• **Exercise requirements**
Below are some records. Write out exactly their lines from the one with "There is No" through the one with "How To Dress Well - LOVE REMAINS", and leave the pictures behind.

• **Task inputs**
BEGIN

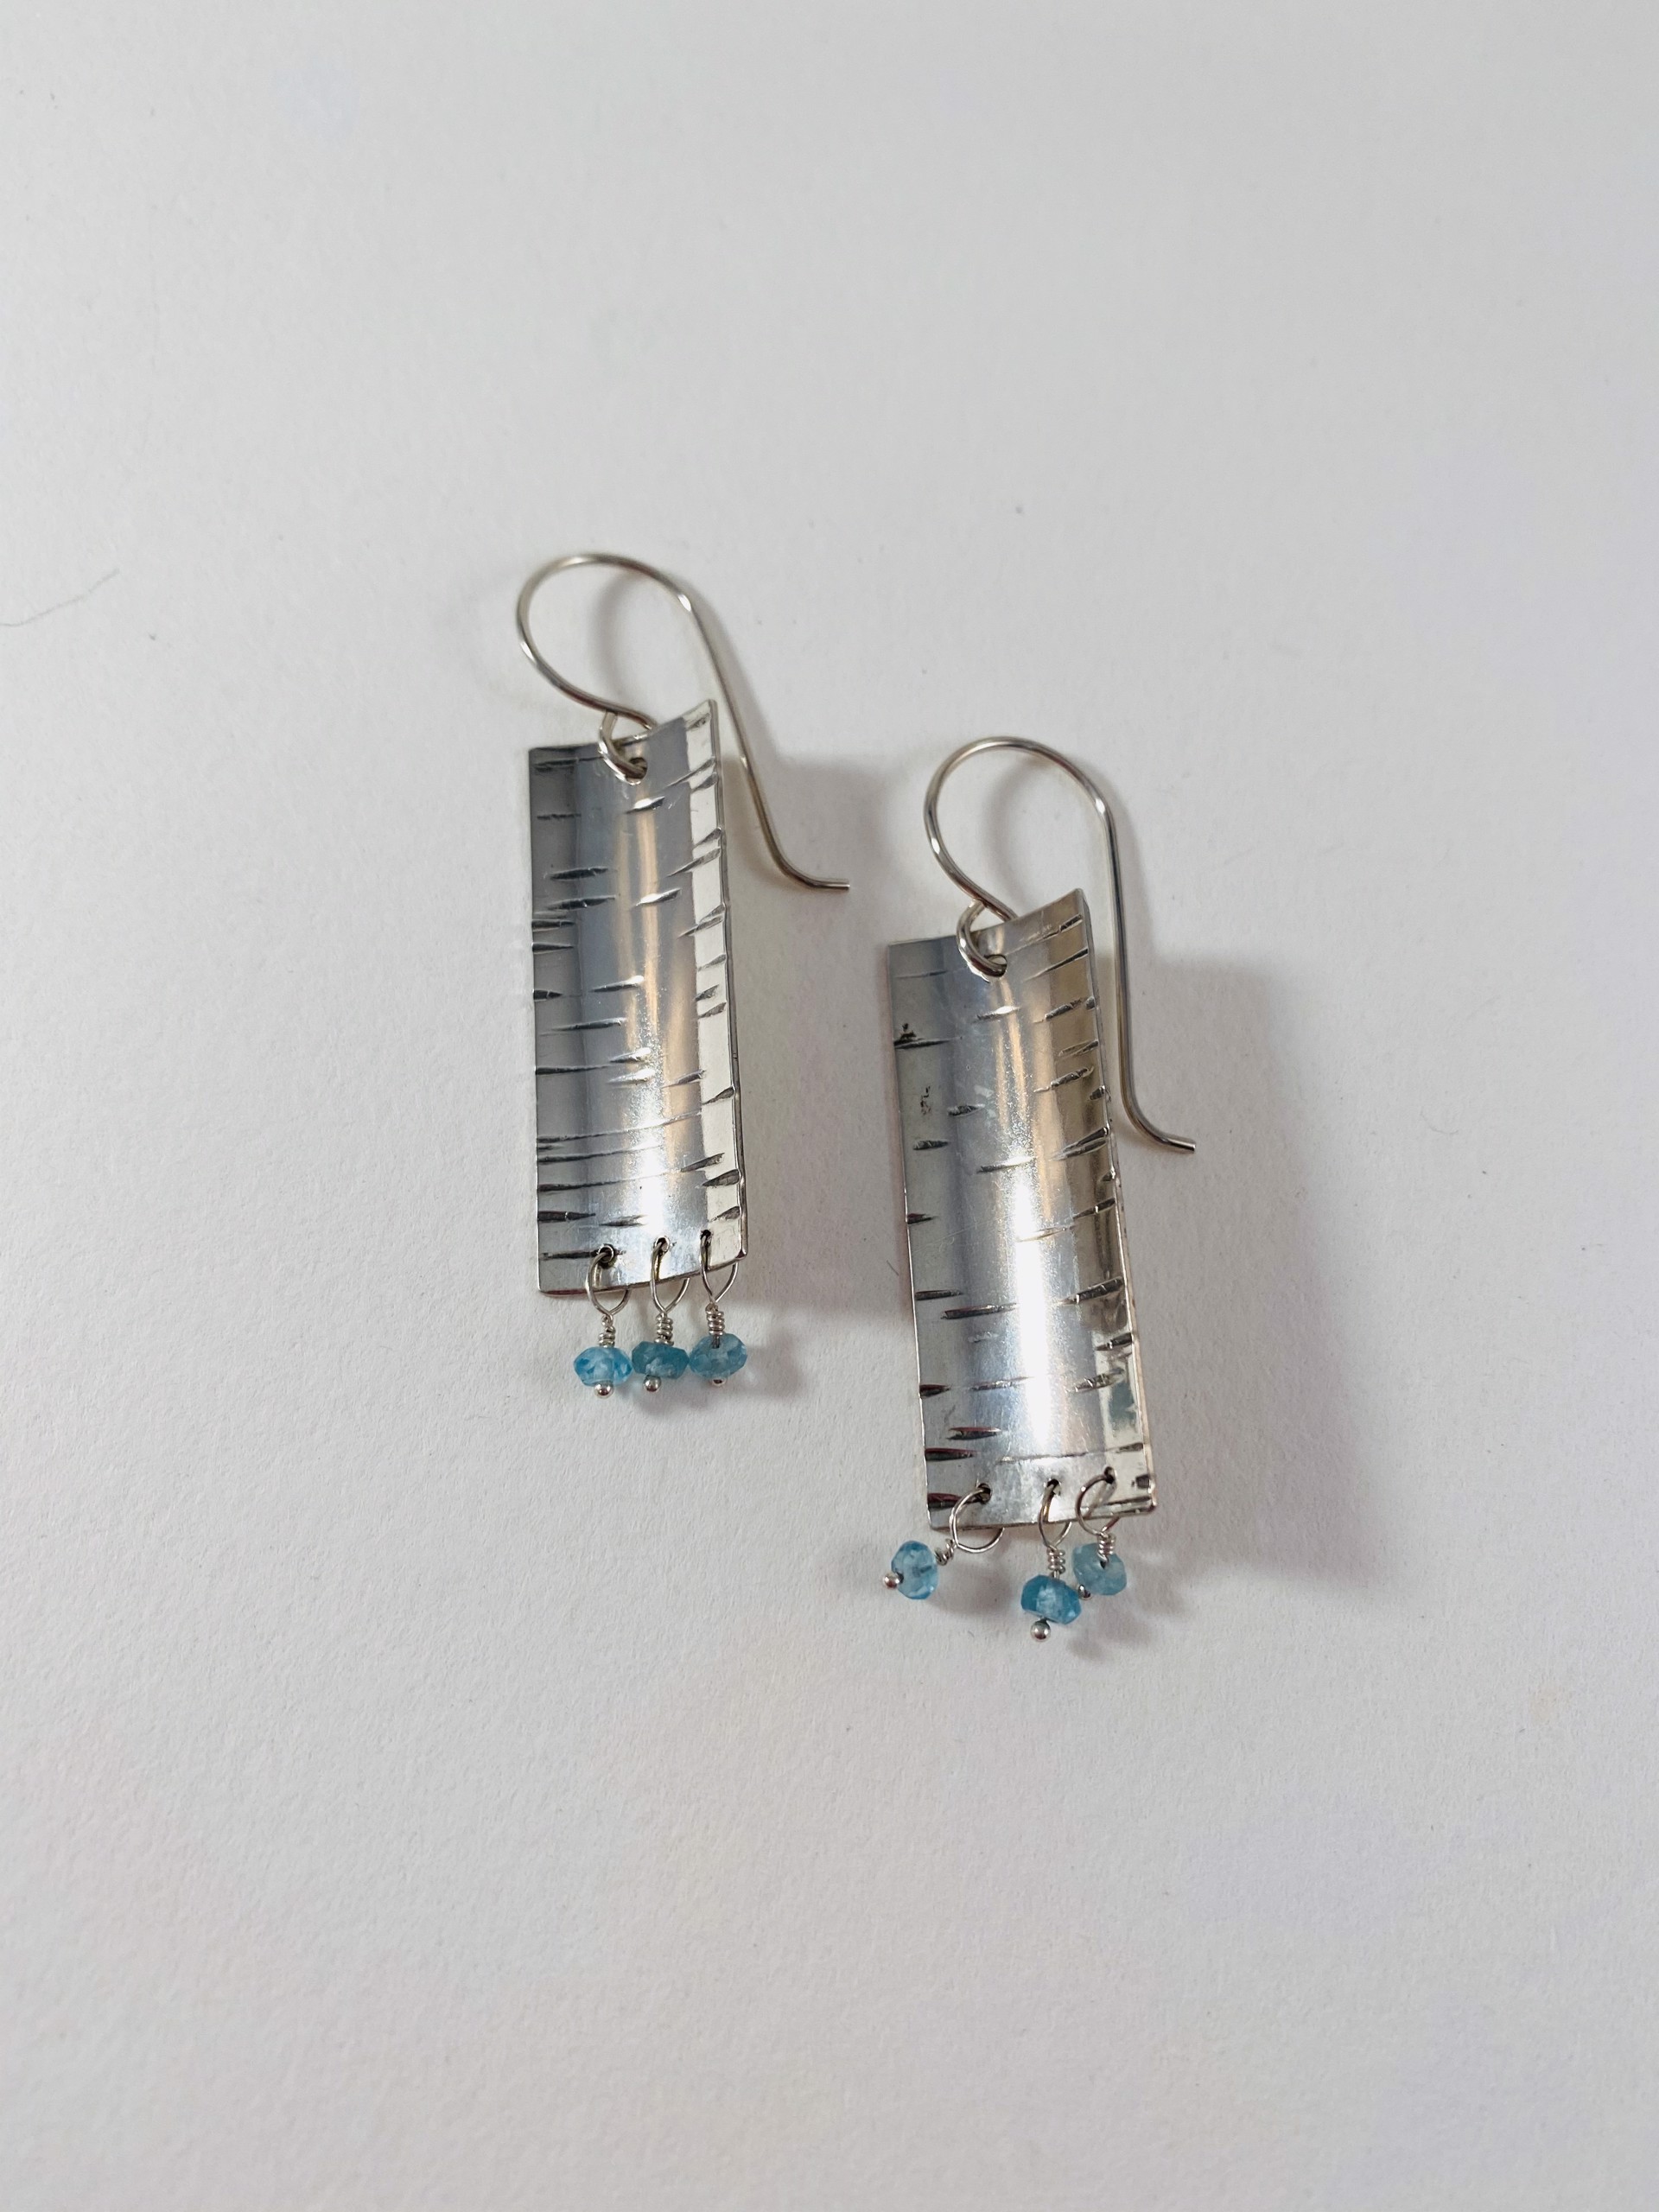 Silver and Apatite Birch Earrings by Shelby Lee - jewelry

END
BEGIN

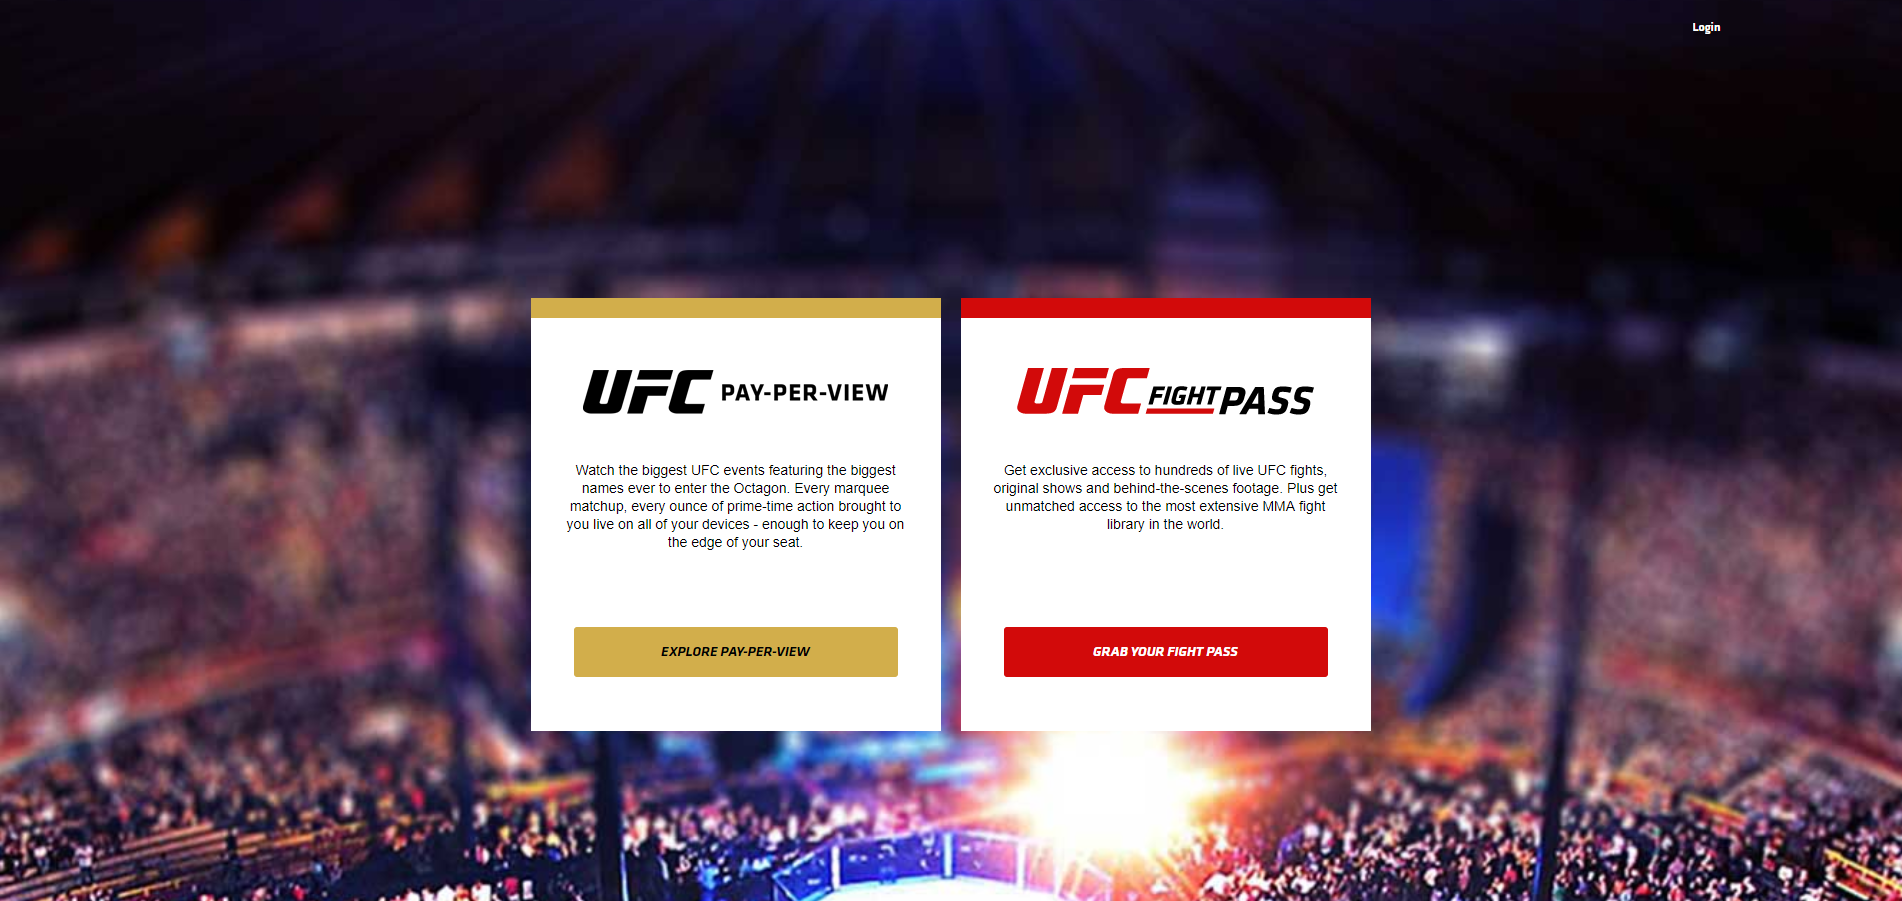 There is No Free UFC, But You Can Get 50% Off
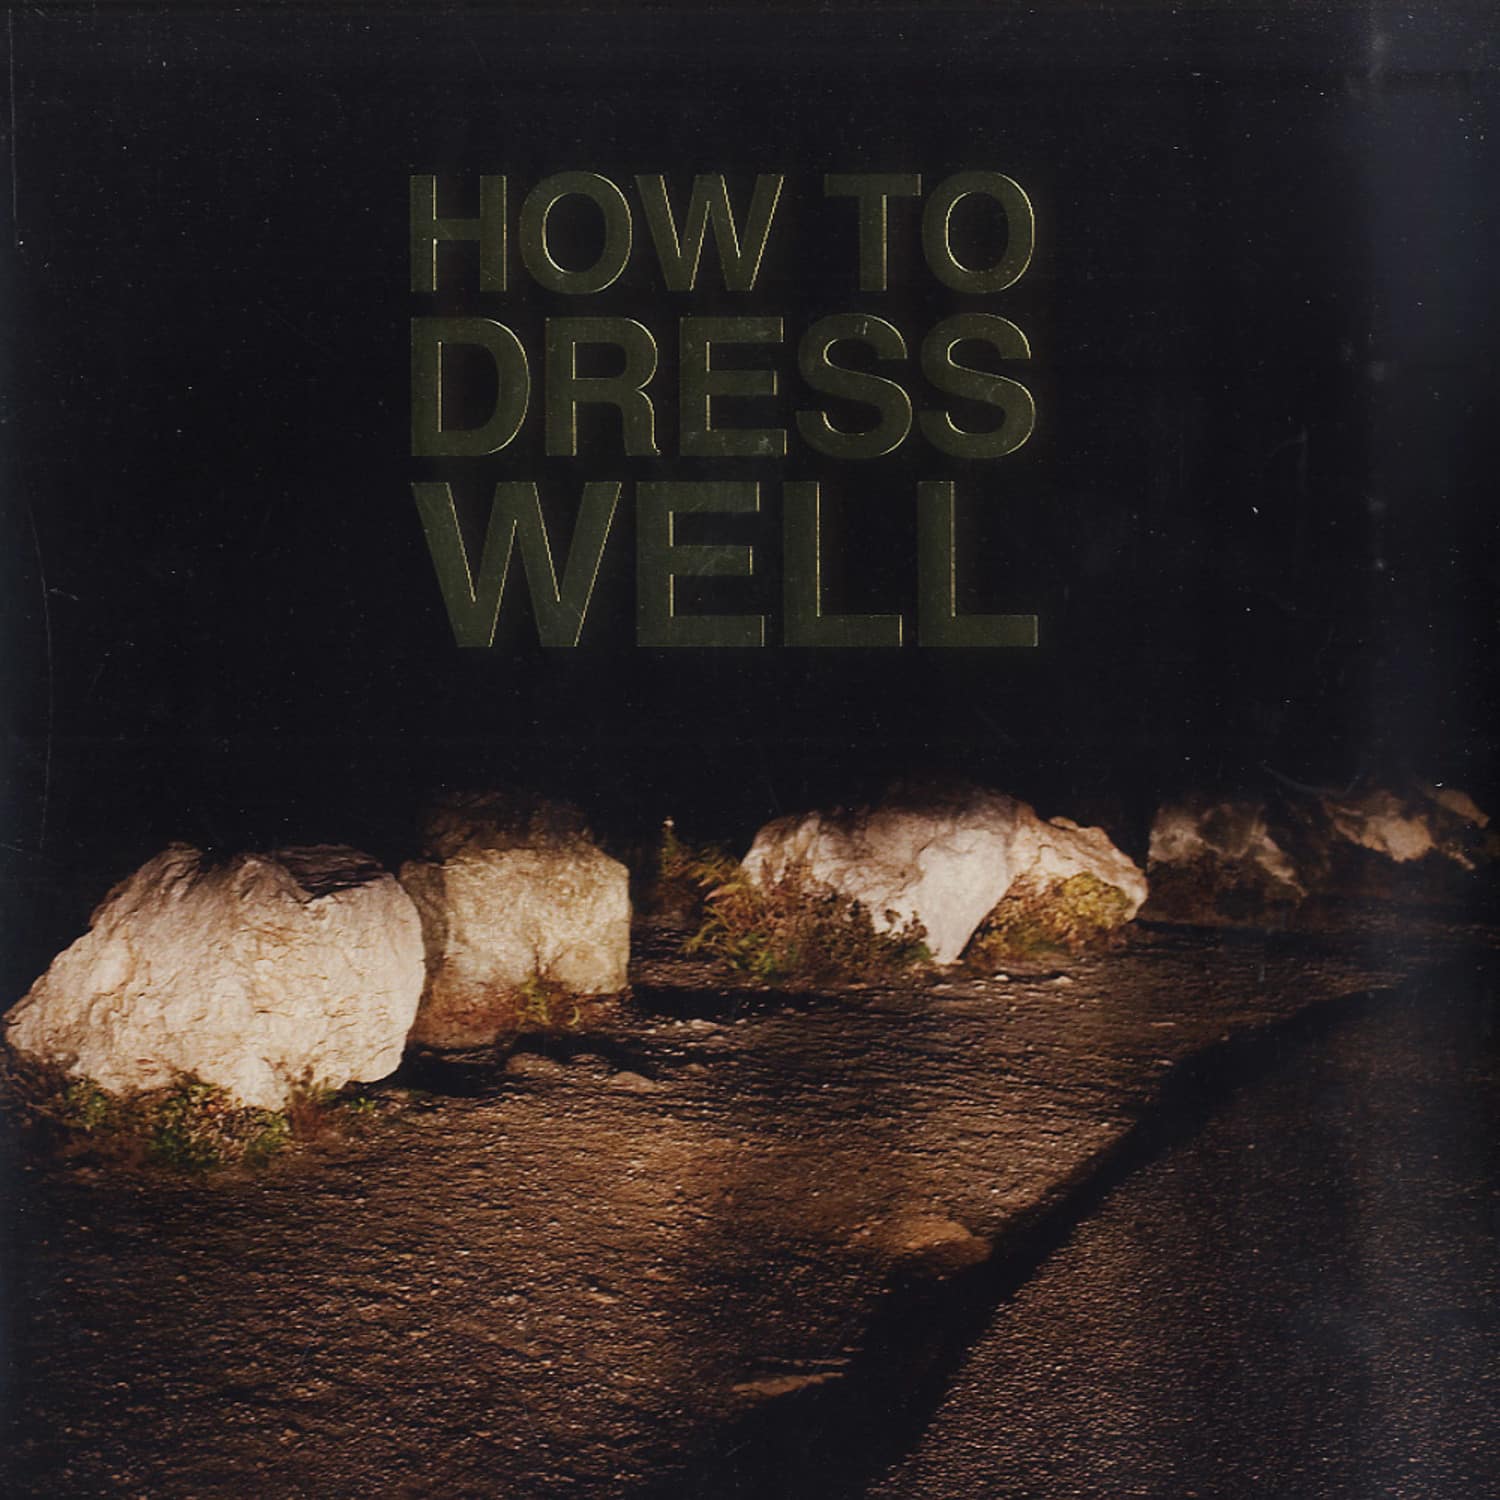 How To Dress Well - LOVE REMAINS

END

• **Result of the task**
 There is No Free UFC, But You Can Get 50% Off
 How To Dress Well - LOVE REMAINS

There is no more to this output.